→ Action item
Lines from the one containing "CIBC presents - Just" through the end of the listing are what is wanted, given again exactly with both ends included and pictures left out.

→ Dataset extract
===
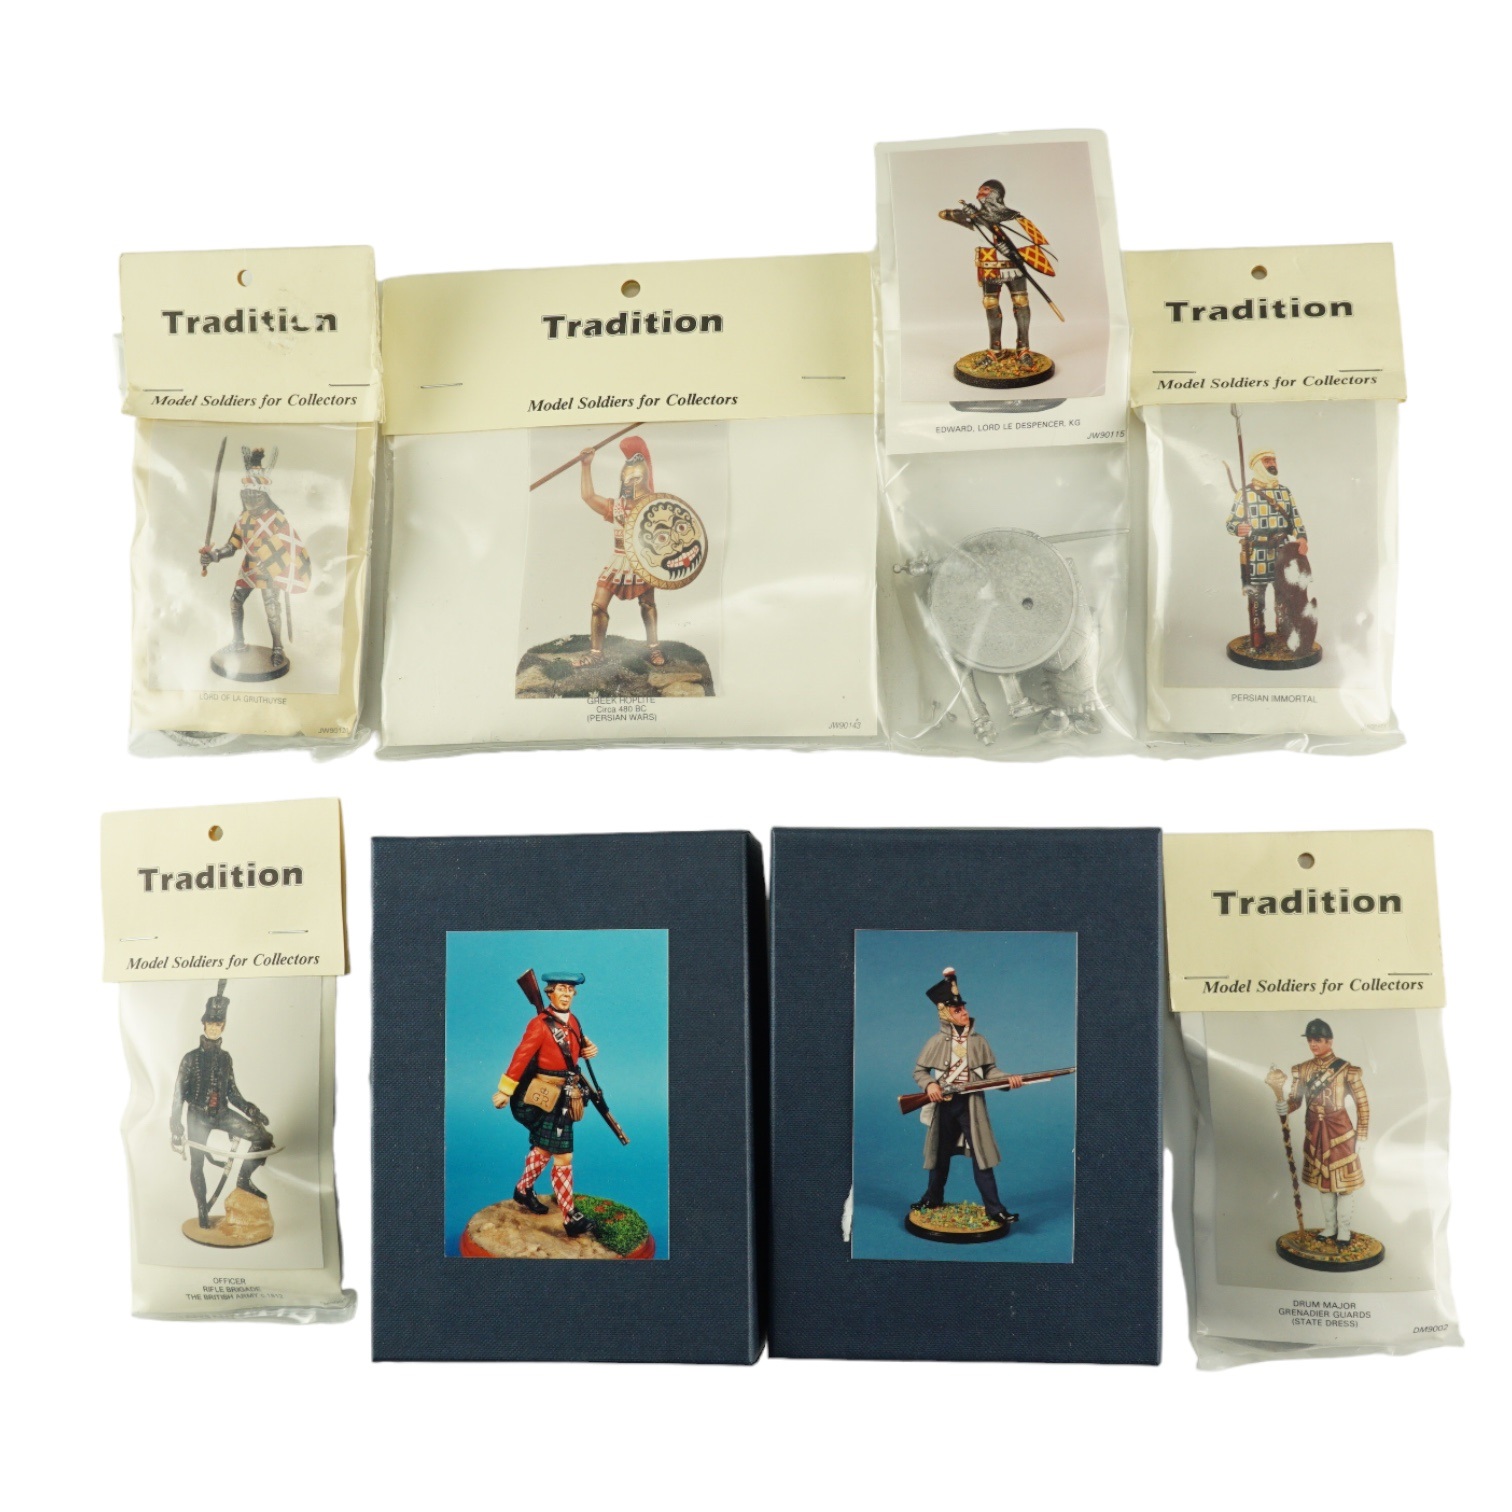 Eight Tradition "Model Soldiers for Collectors" diecast lead model kits, by Tradition of Curzon
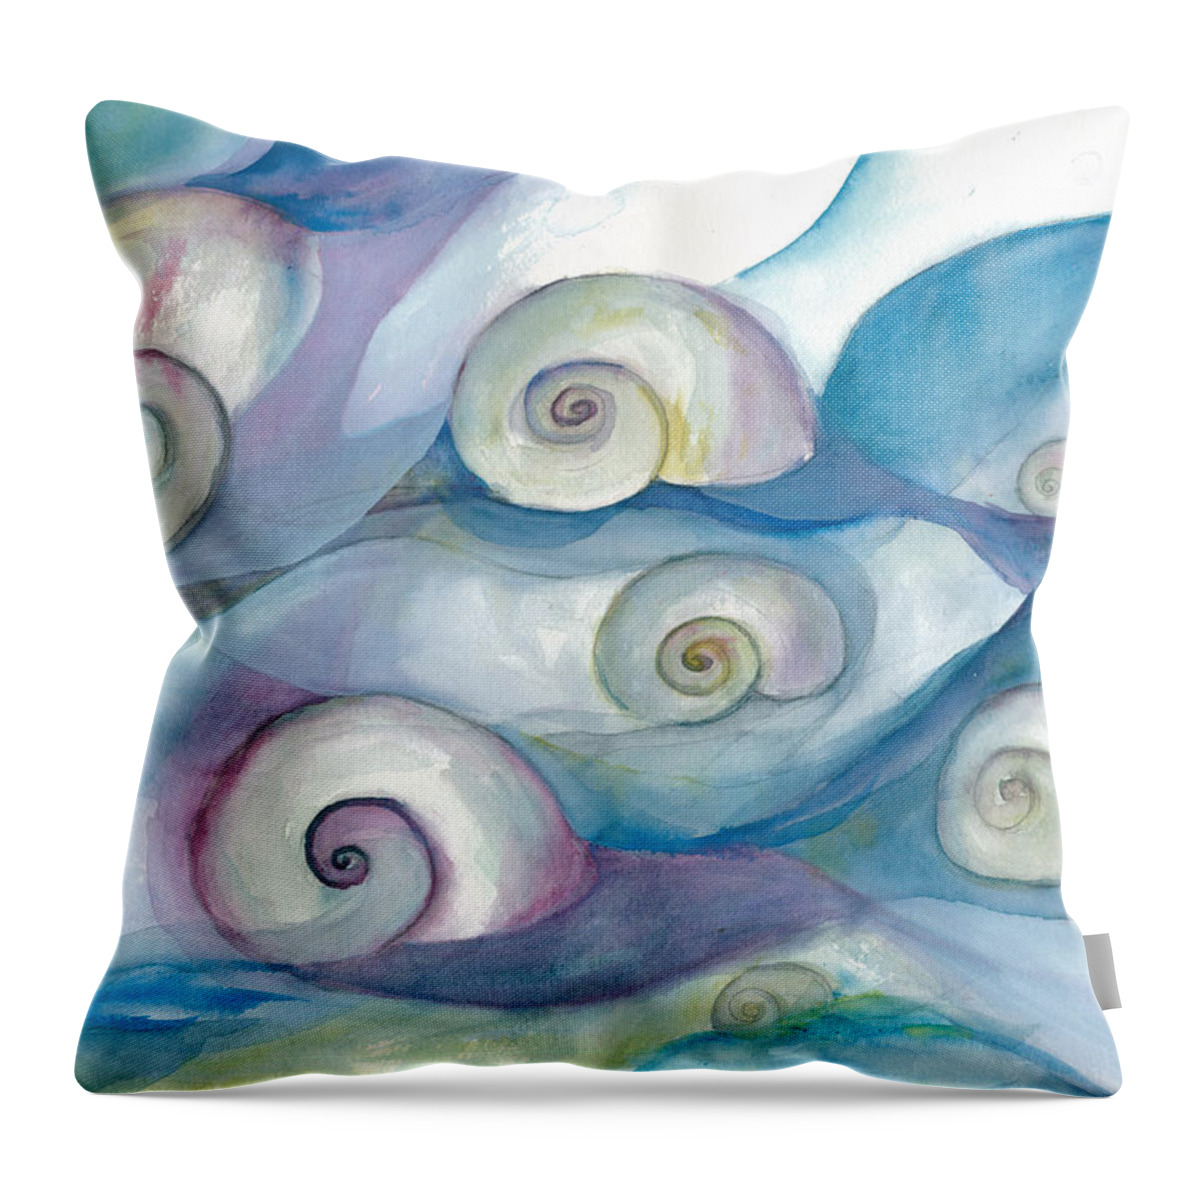 Nautilus Throw Pillow featuring the painting Nautilus Abstract by Kelly Perez
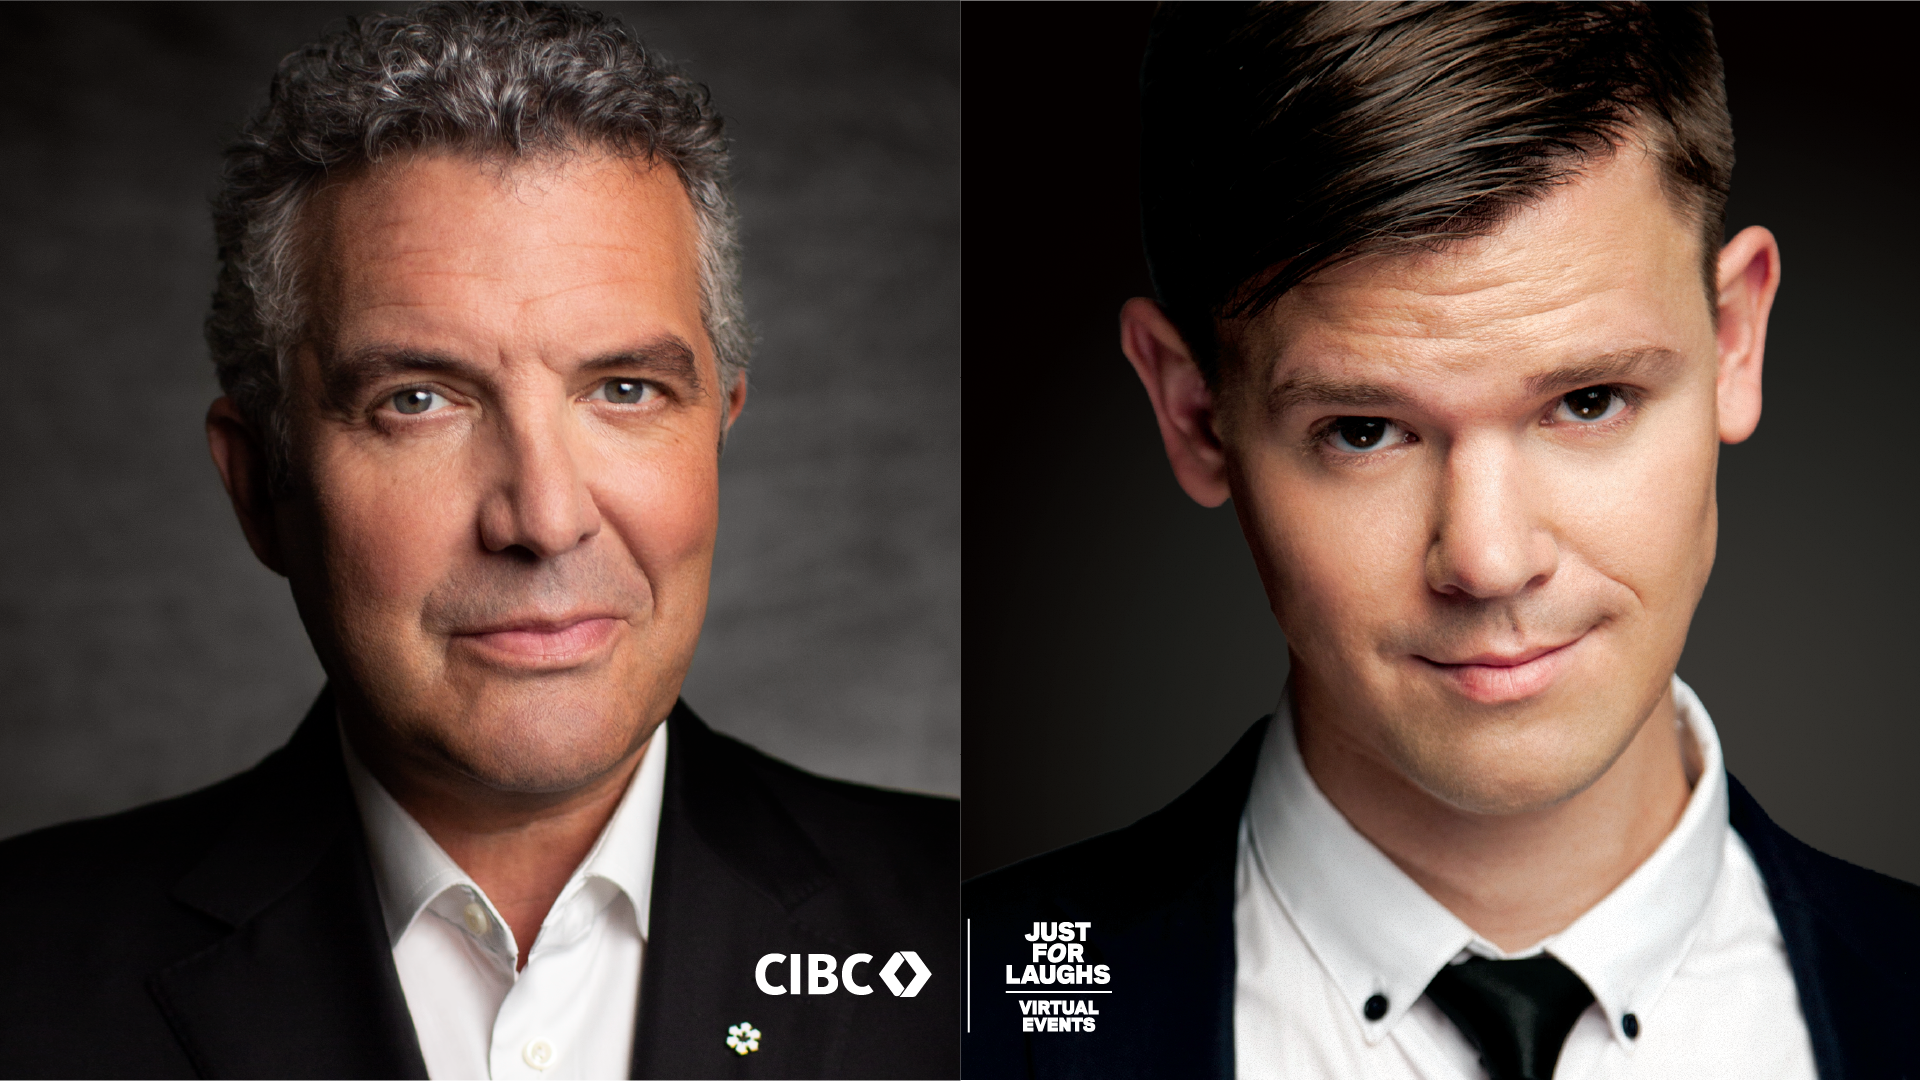 CIBC presents - Just For Laughs – A Comedy Evening with Rick Mercer and Ivan Decker
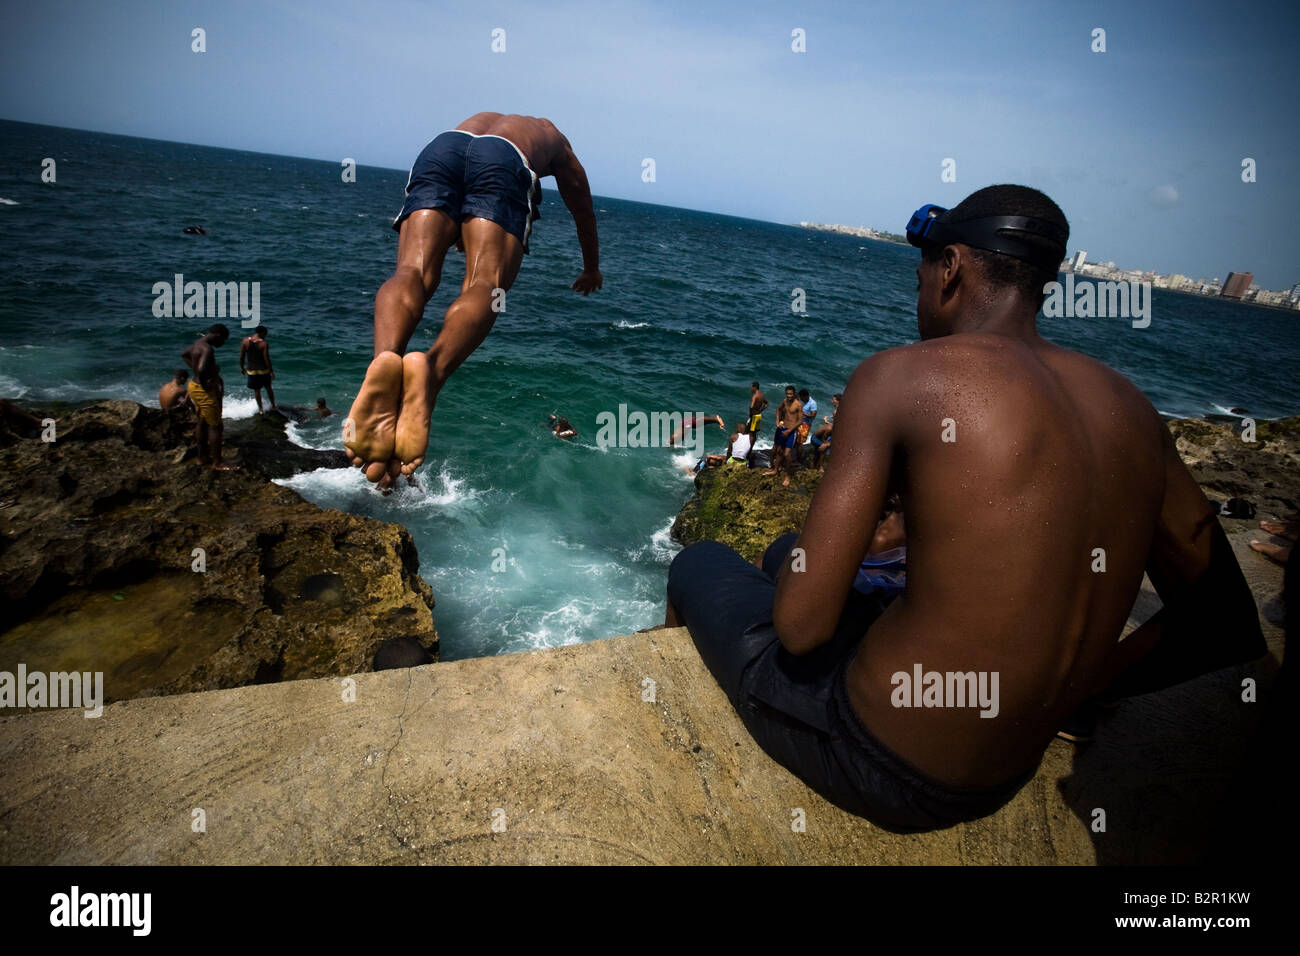 A teenager jumps off a concrete wall into the ocean along the Malecon avenue in Havana Cuba on Saturday June 28 2008 Stock Photo
===
→ Written answer
 CIBC presents - Just For Laughs – A Comedy Evening with Rick Mercer and Ivan Decker
 A teenager jumps off a concrete wall into the ocean along the Malecon avenue in Havana Cuba on Saturday June 28 2008 Stock Photo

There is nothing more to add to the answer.